Jamison “Jay” Meredith died on Sept. 13. Although reportedly incapacitated for several years and unable to speak owing to a series of strokes, his mind remained clear, and he was able to communicate.

I recall Jay at Amherst as quiet, kind and personable, yet also as someone who usually kept to himself. Pat recalls him as unpretentious, his casually unworldly presence partly relieving the pressure we all felt in our disciplines.

Jay, a biology major, had a fine sense of humor but never laughed at his own jokes. Jay hailed from Fairmont, W.Va.; I had lived in Harpers Ferry, W.Va. As Alpha Delta Phi pledges, Jay, Pat and I shared in the initiation stunts that played off detectable idiosyncrasies. Jay, because of his West Virginian accent, was assigned to recite Lewis Carroll’s “Jabberwocky” on the steps of Converse and managed this with the best of grace, if not of elocution.

None of us saw or heard from Jay following graduation. In 2014, I reached out to encourage him to attend our 50th reunion and discovered he was living on Maryland’s Eastern Shore. His son Alec responded that while Jay could not attend, he appreciated hearing from a classmate. Since then, I had always intended to see Jay but regrettably had not. Then Alec’s email came with news of his father’s passing. At Jay’s funeral, I met Alec and his wife, Eliana.

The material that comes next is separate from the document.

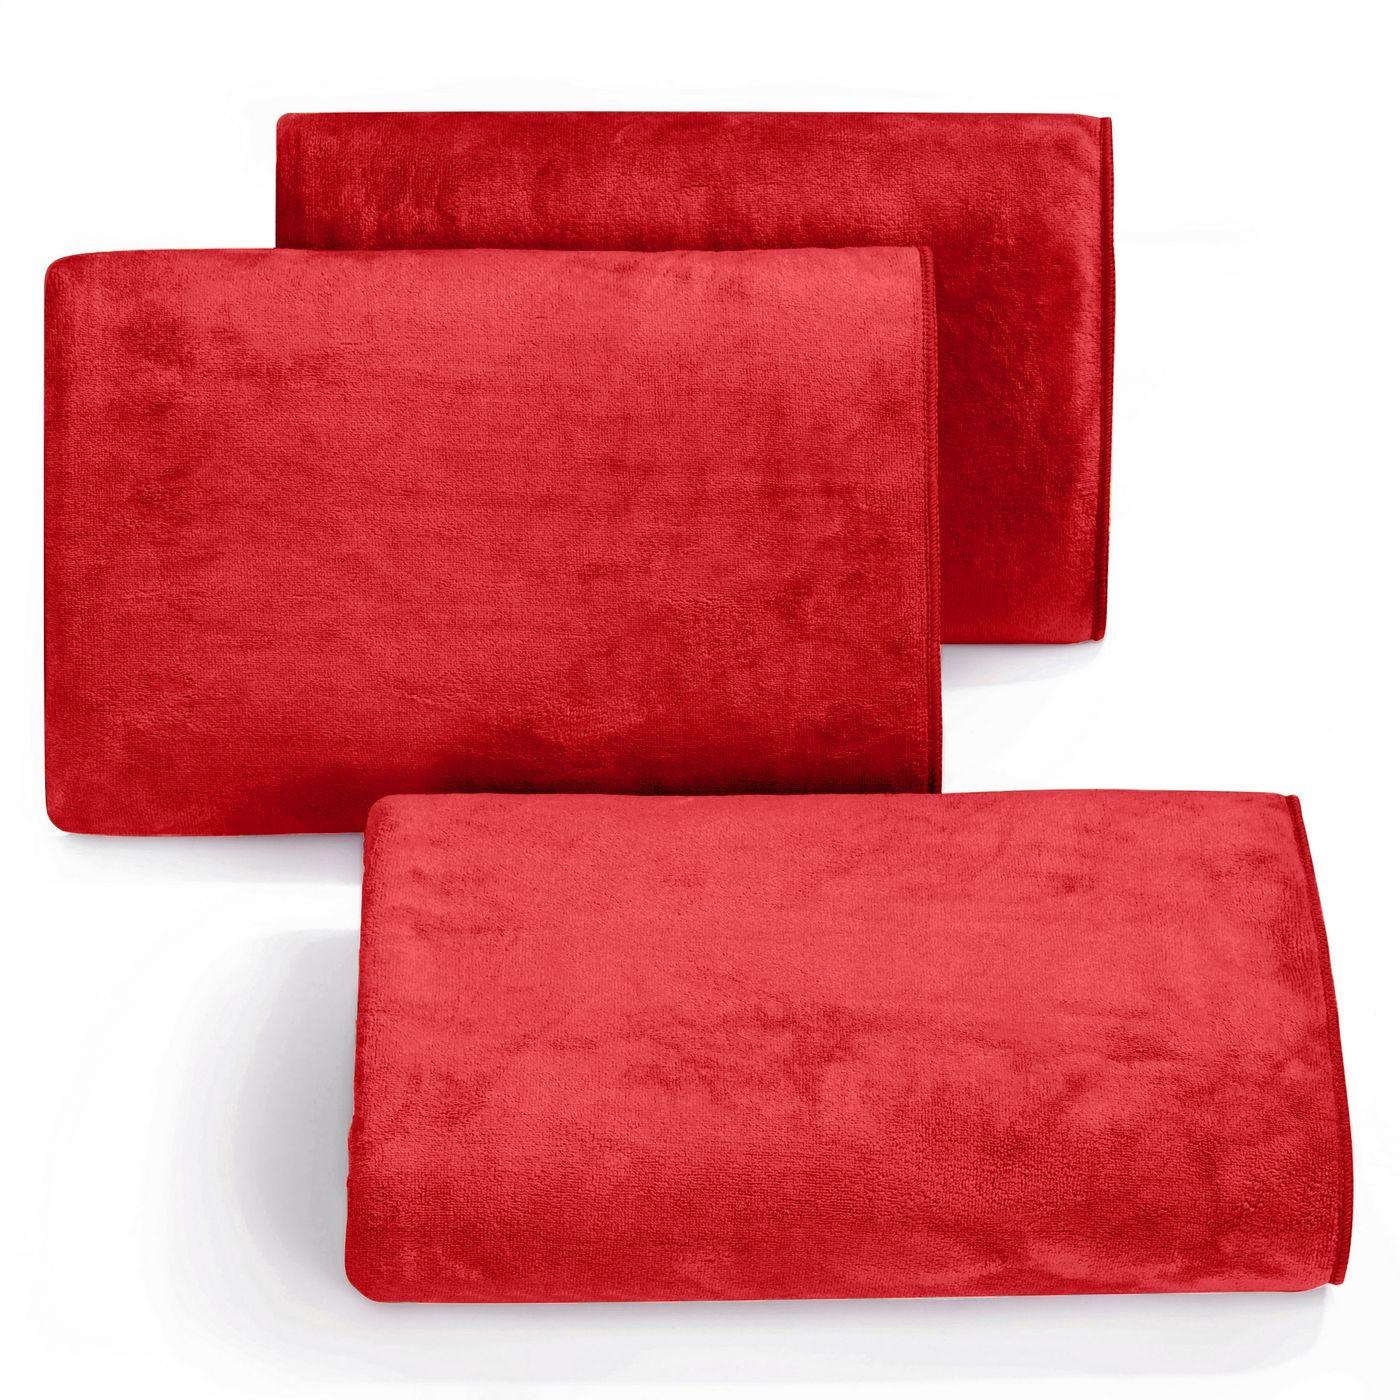 Ręcznik z mikrofibry szybkoschnący czerwony 30x30cm
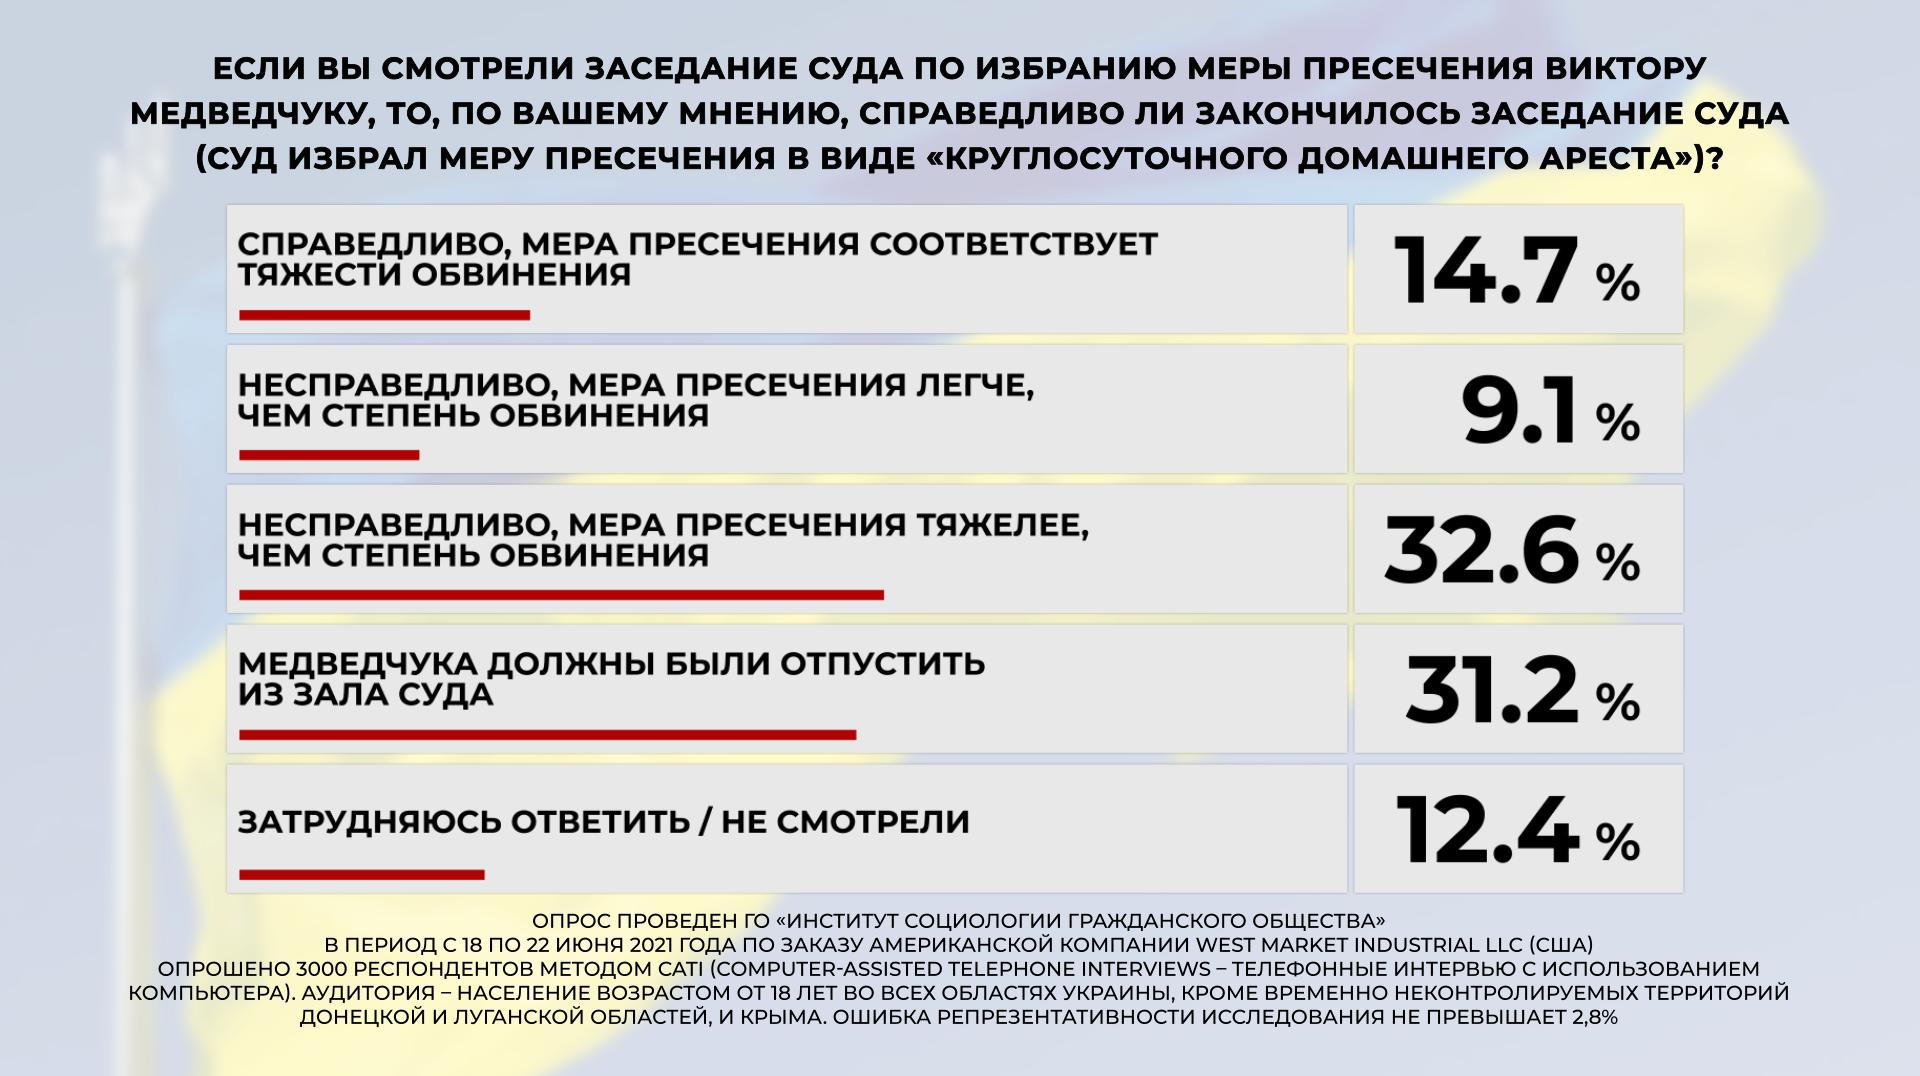 Суд над Медведчуком более 60% украинцев считают манипуляцией власти — опрос - фото 4

Alec reported that, while Jay regularly read Amherst and often sat in his “black Amherst chair,” he “didn’t talk much of Amherst, and he never went back.” While “proud of his alma mater, it sounded like a real grind most of the time.”

For much of his career, Jay was a self-employed software developer for the construction industry.

It seems Jay lived his life, much of it, his way. We miss him.